The stigmata are not gill-clefts, but they are formed by sub-divisions of a few original gill-clefts. Between the stigmata the wall of the pharynx has transverse and longitudinal bars containing blood vessels, thus, the pharynx appears like a basket. The lining of the pharynx is raised into ten longitudinal folds on each side.
(a) Dorsal Lamina:
Dorsal lamina is a thin flap lying inside the mid-dorsal roof of the pharynx. It bears a number of conical, ciliated projections called languets. The dorsal lamina runs from the posterior peripharyngal band to the opening of the oesophagus. The dorsal lamina and its languets can bend to one side to form a sort of tube through which food-laden mucus passes.
(b) Endostyle:
Lying in the mid- ventral floor of the pharynx is an endostyle. It is a longitudinal groove with four longitudinal rows of gland cells with ciliated cells between them. The middle row of cells has long cilia. The gland cells of endostyle secrete mucus which is driven laterally by ciliated cells. Endostyle is homologus with thyroid gland of vertebrates.

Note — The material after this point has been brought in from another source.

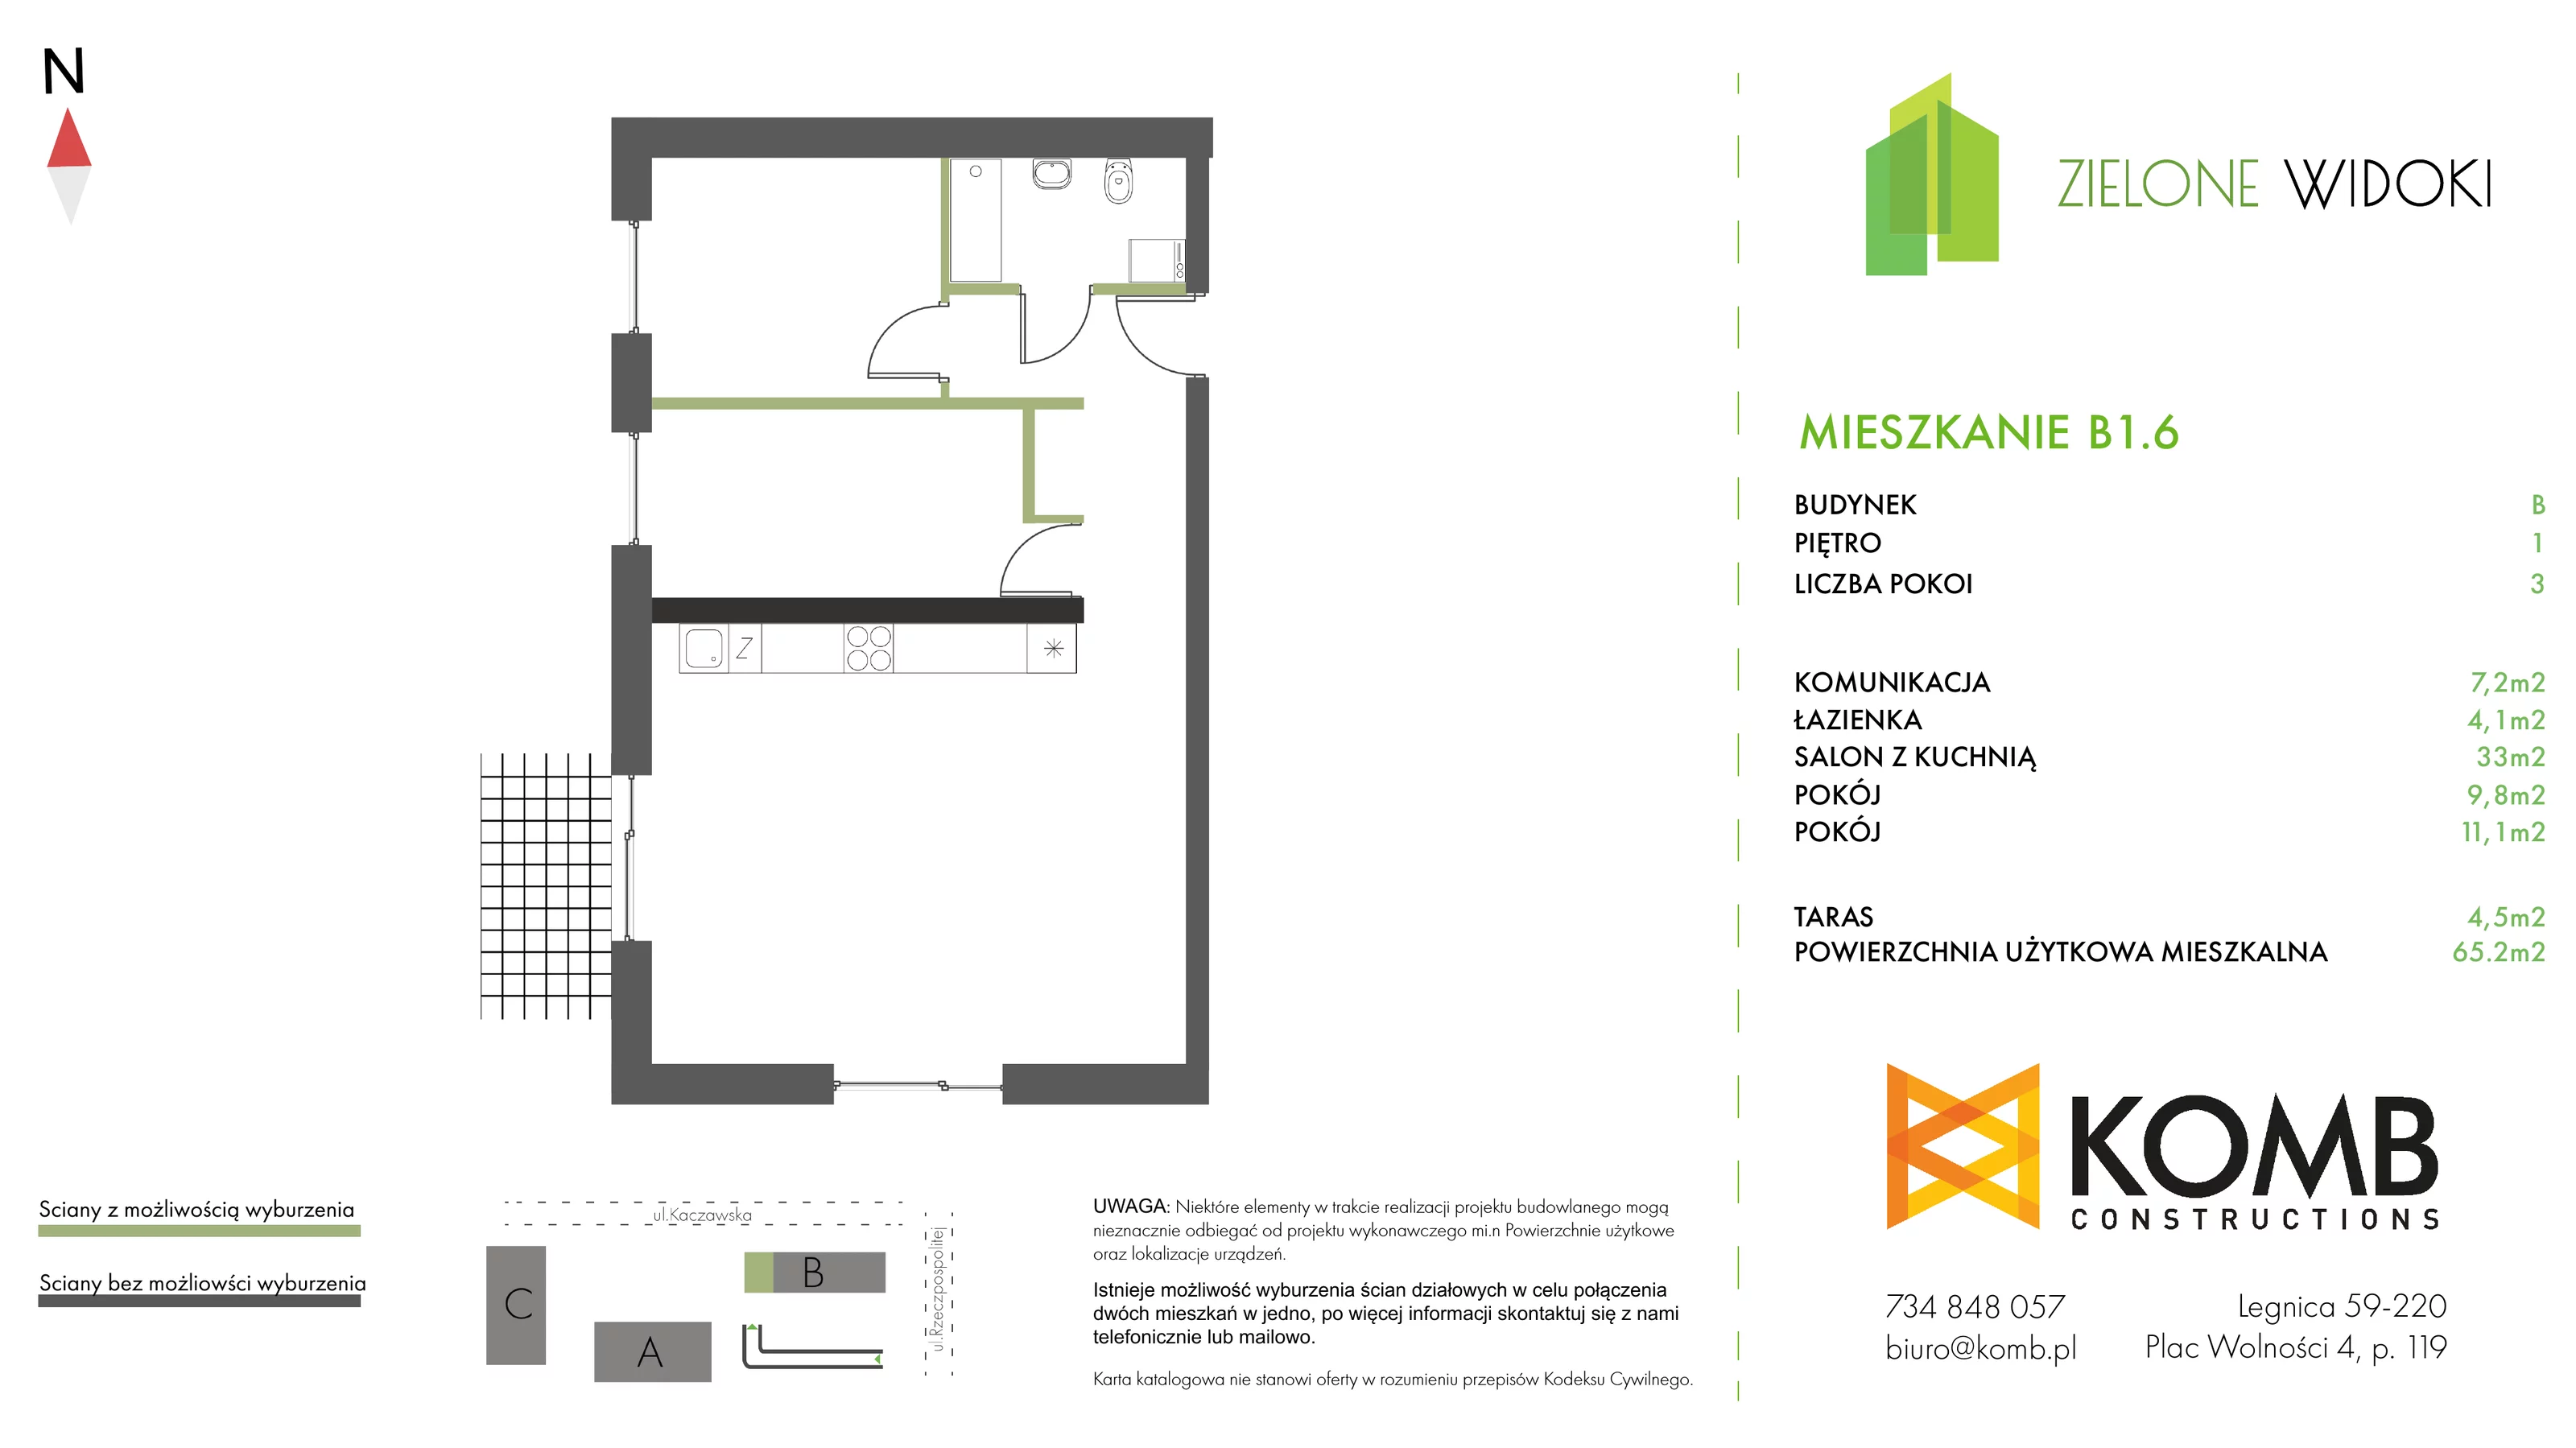 Mieszkanie 65,20 m², piętro 1, oferta nr B1.6, Zielone Widoki, Legnica, Bielany, al. Rzeczypospolitej 23

The posterior region of the pharynx is known as oesophageal area, around which all the folds of the pharynx converge. It has two semi-circular lips enclosing an aperture which leads into an oesophagus.
4. Oesophagus:-
It is a short bent tube having four ciliated groves in its lining which direct the food into the stomach.
5. Stomach:-
The stomach is wider than the oesophagus but its walls are thin and have a tubular, branching pyloric gland. The tubules of the pyloric gland open by a single aperture in the middle posterior fold of the intestine. Stomach opens into a thin-walled intestine.
6. Intestine:-
It has two parallel limbs forming a U. The intestine joins a short ciliated rectum opening by an anus into the dorsal part of the atrial cavity known as cloaca. The cloaca leads dorsally into the atrial siphon, opening outside through atriopore or atrial aperture. Like branchial siphon, the atrial siphon is also lined by ectoderm and, thus, represents the proctodaeum.